Monday, January 19, 2009

Second Sunday in Ordinary Time

1 Sm 3:3b-10, 19
1 Cor 6:13c-15a, 17-20
Jn 1:35-42

Each of us is called by God, but how do we know that what we hear is God? Discerning the call of God can be difficult. God called Samuel, but Samuel did not realize that what he heard was God calling. Samuel, however had Eli to help him. Eli understood that the call Samuel heard was from God. Samuel responded when he knew the call was from God. In the Gospel reading two followers of John the Baptizer are told outright that Jesus is the Lamb of God, so they follow him. Andrew, one of these two who followed Jesus finds his brother Simon to tell him that they have found the Christ. They brought Simon to Jesus, who calls him directly, renaming him Cephas, Peter. There was no question about the call these people heard. Samuel had Eli to assist him, to tell him his call was from God. The followers of John the Baptizer are told by John that Jesus is the Messiah. Simon is called by Jesus himself, face to face. We, on the other hand, don’t seem to have quite so good. We probably don’t have an Eli around to assist us. We’re not likely to have a face to face encounter with Christ. We have to discern if what we think is a call is actually from God. Is the call a call toward selflessness, or selfishness?

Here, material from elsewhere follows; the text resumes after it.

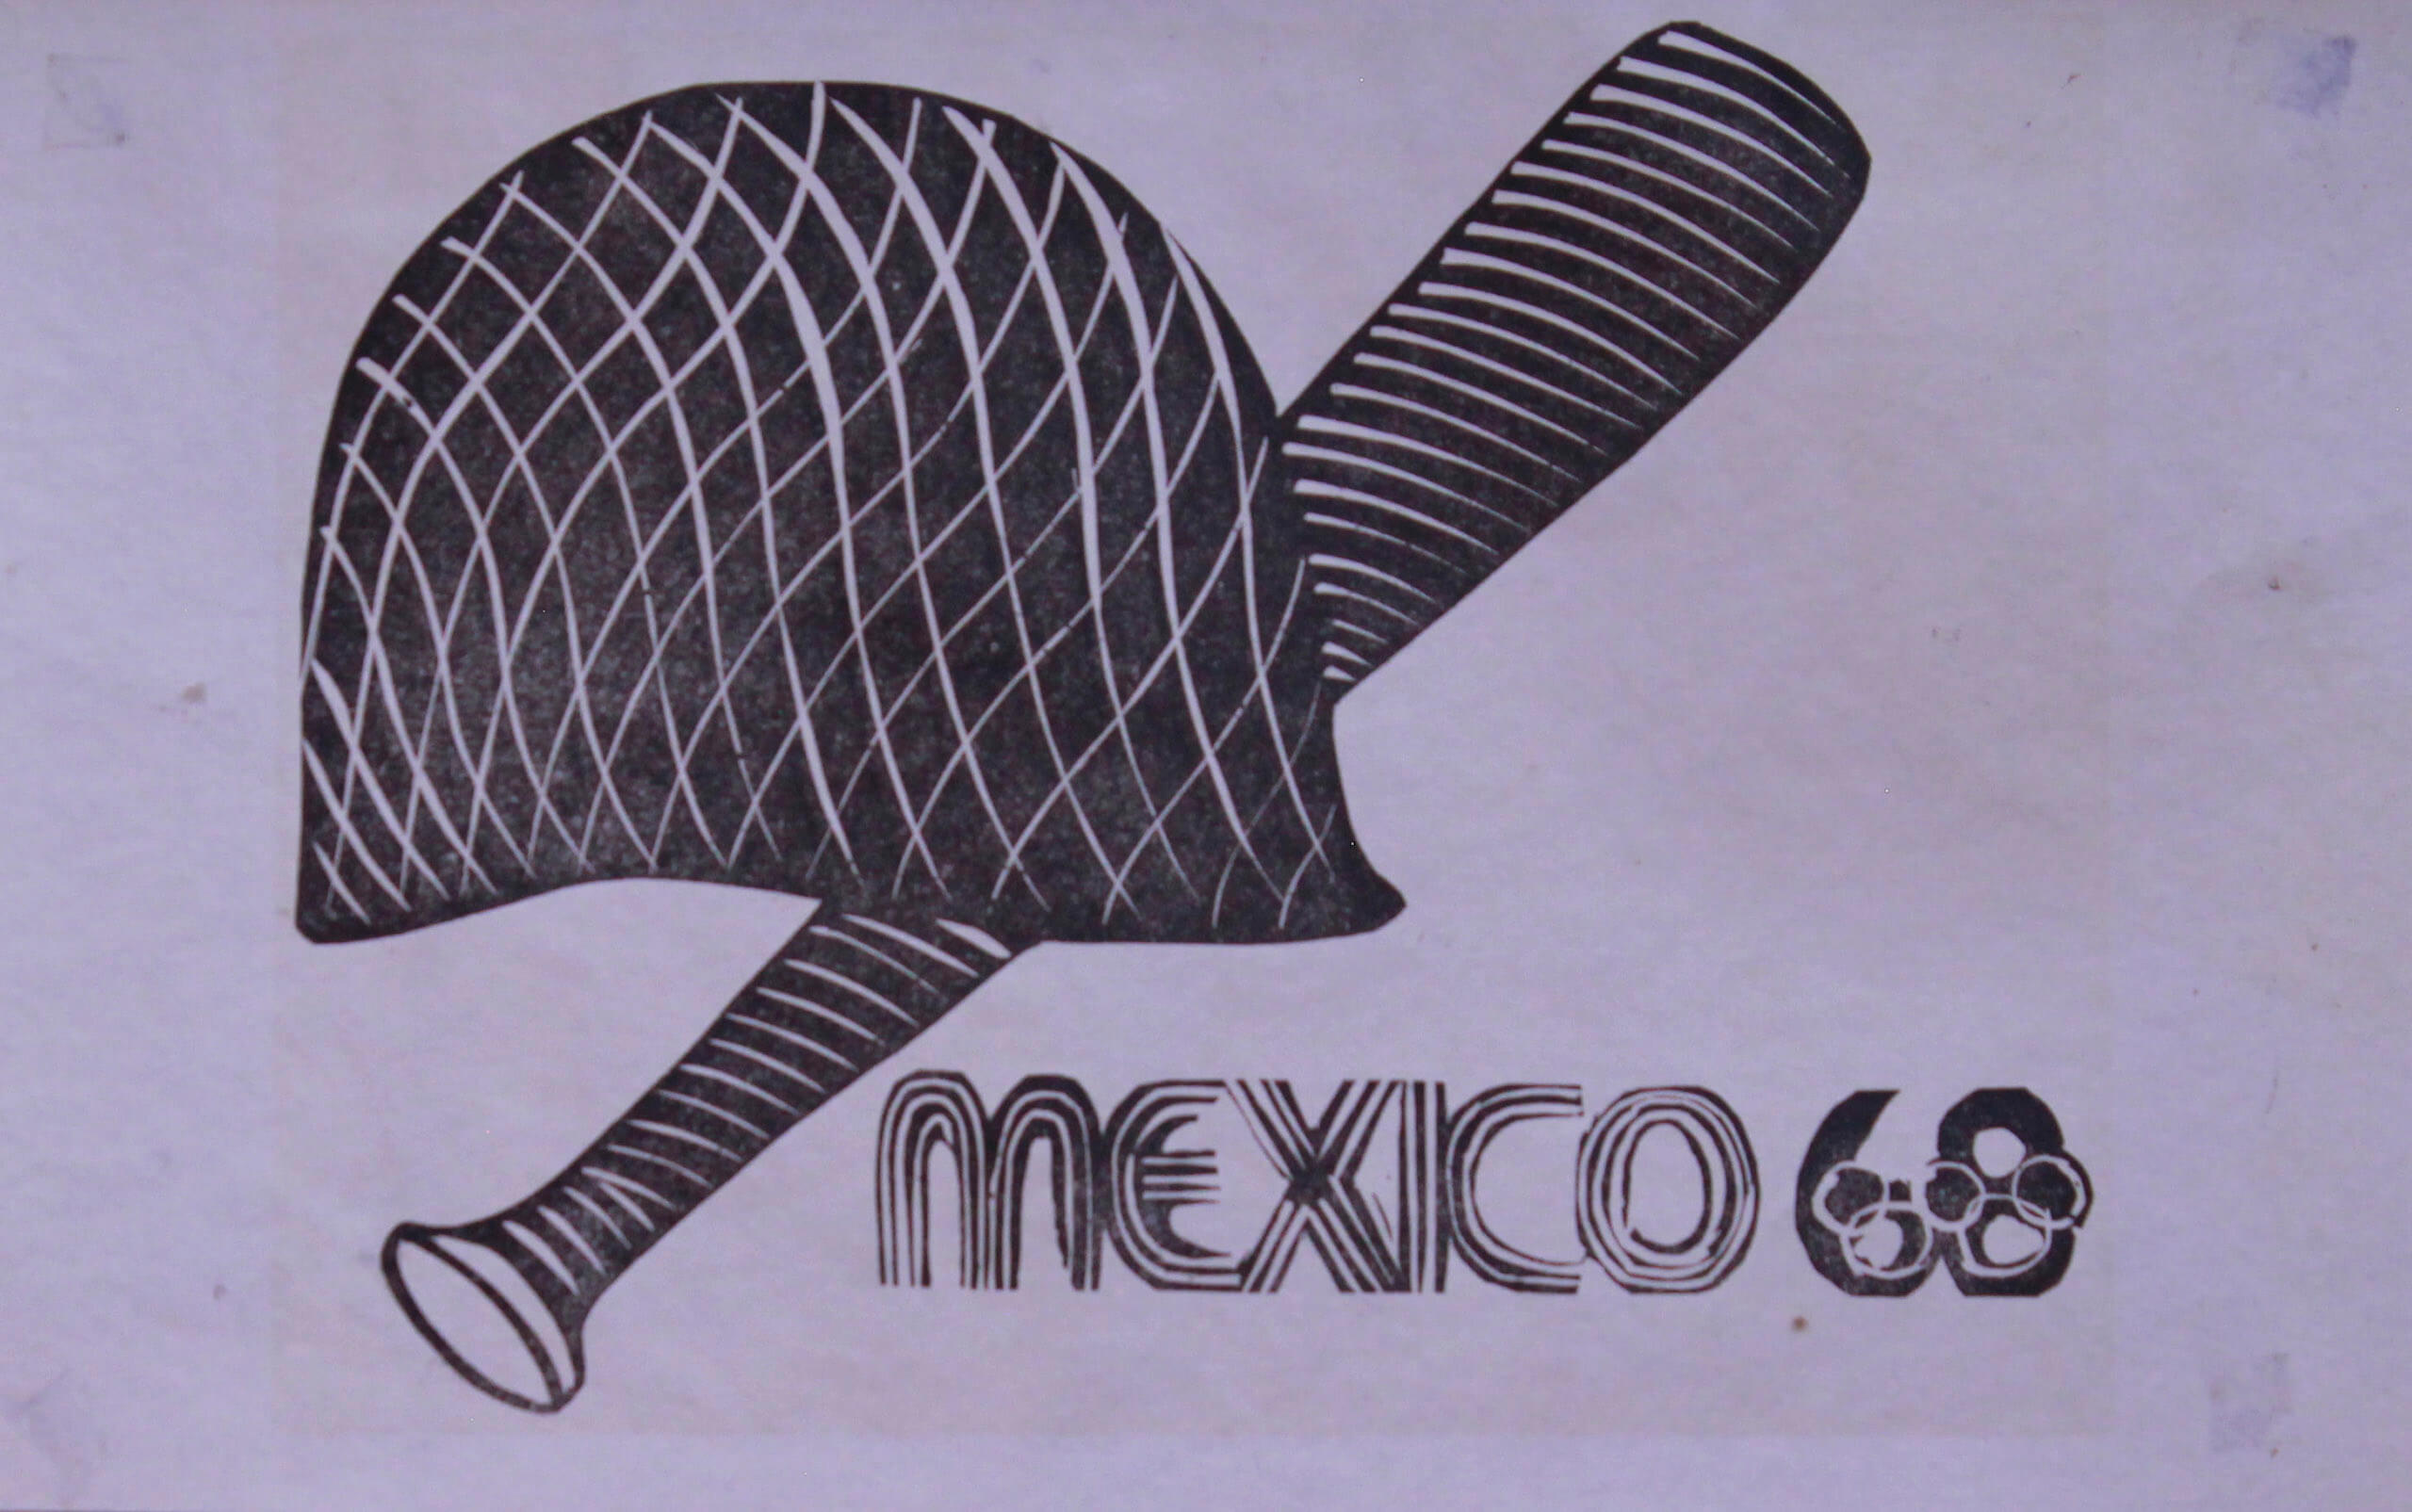 México 68 (casco y macana) | La demanda inasumible. Imaginación social y autogestión gráfica en México, 1968-2018 | Museo Amparo, Puebla

Selflessness is from God, selfishness is from us. Is the call a call to service, service to the people of God? If so it may indeed be a call from God. Is the call a call to right wrongs, to act justly? If so that call may indeed be from God. God calls us to pour ourselves out, to give ourselves to God, to give ourselves to the service of God’s people. This is what each of us, as followers of Jesus Christ are asked to do, to pour ourselves out, just as Samuel did, just as Andrew did, just as Peter did, just as the Christ did. We pour ourselves out in following God’s call, emptying ourselves, only to find the emptiness filled with God’s love and grace.